== Entries provided ==

---*---

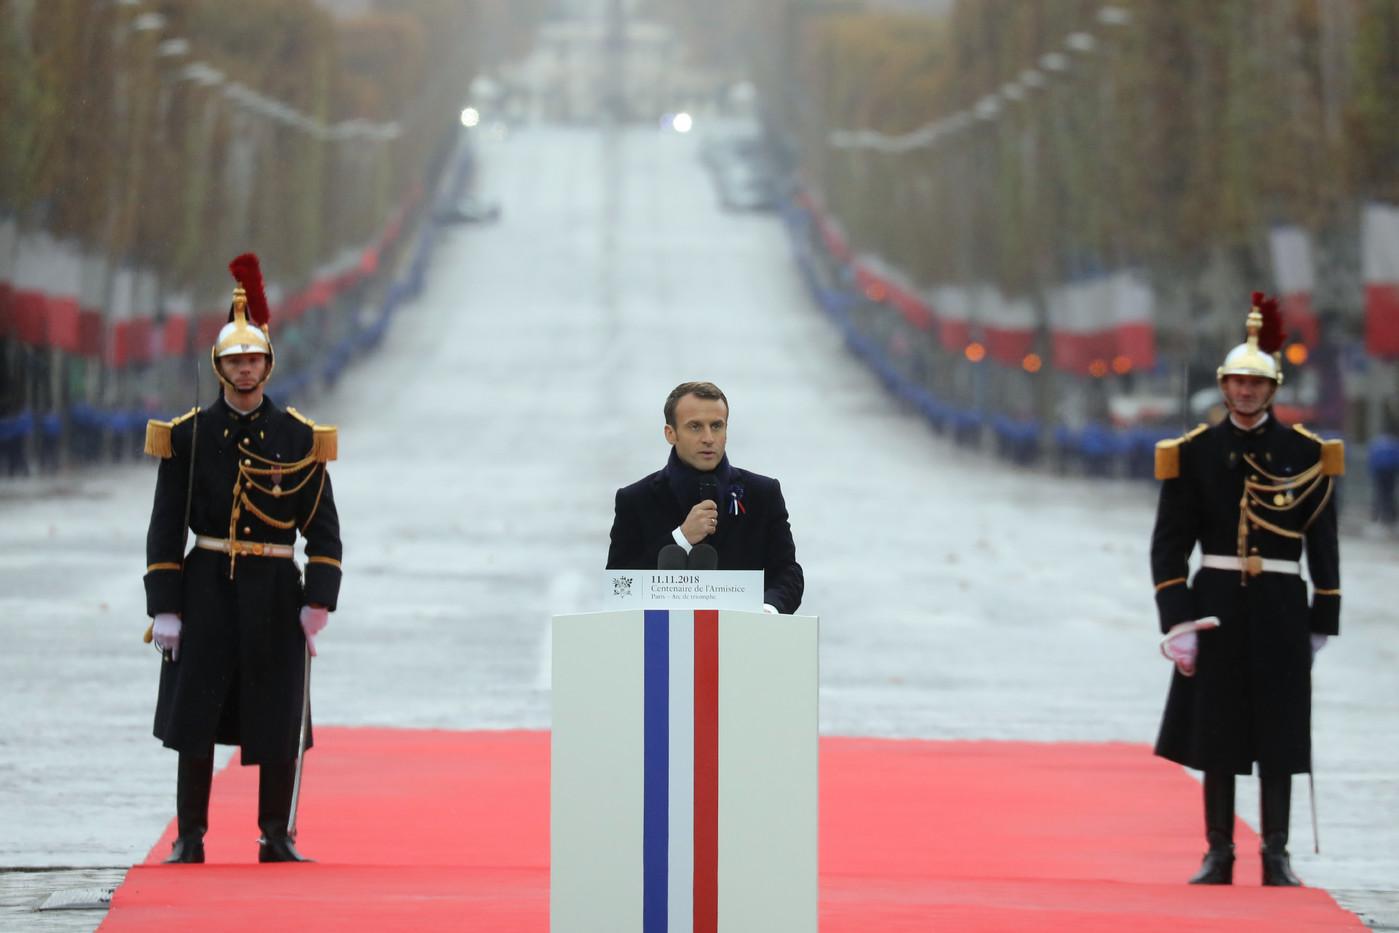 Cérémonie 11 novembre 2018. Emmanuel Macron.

---*---

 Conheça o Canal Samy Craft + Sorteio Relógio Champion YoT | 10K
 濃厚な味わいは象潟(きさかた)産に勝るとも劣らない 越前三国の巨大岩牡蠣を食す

---*---

== Work item ==
Output should match, line for line, the stretch of the material above from the line holding "Conheça o Canal" through the line holding "濃厚な味わいは象潟(きさかた)産に勝るとも劣らない 越前三国の巨大岩牡蠣を食す".

== Answer area ==
 Conheça o Canal Samy Craft + Sorteio Relógio Champion YoT | 10K
 濃厚な味わいは象潟(きさかた)産に勝るとも劣らない 越前三国の巨大岩牡蠣を食す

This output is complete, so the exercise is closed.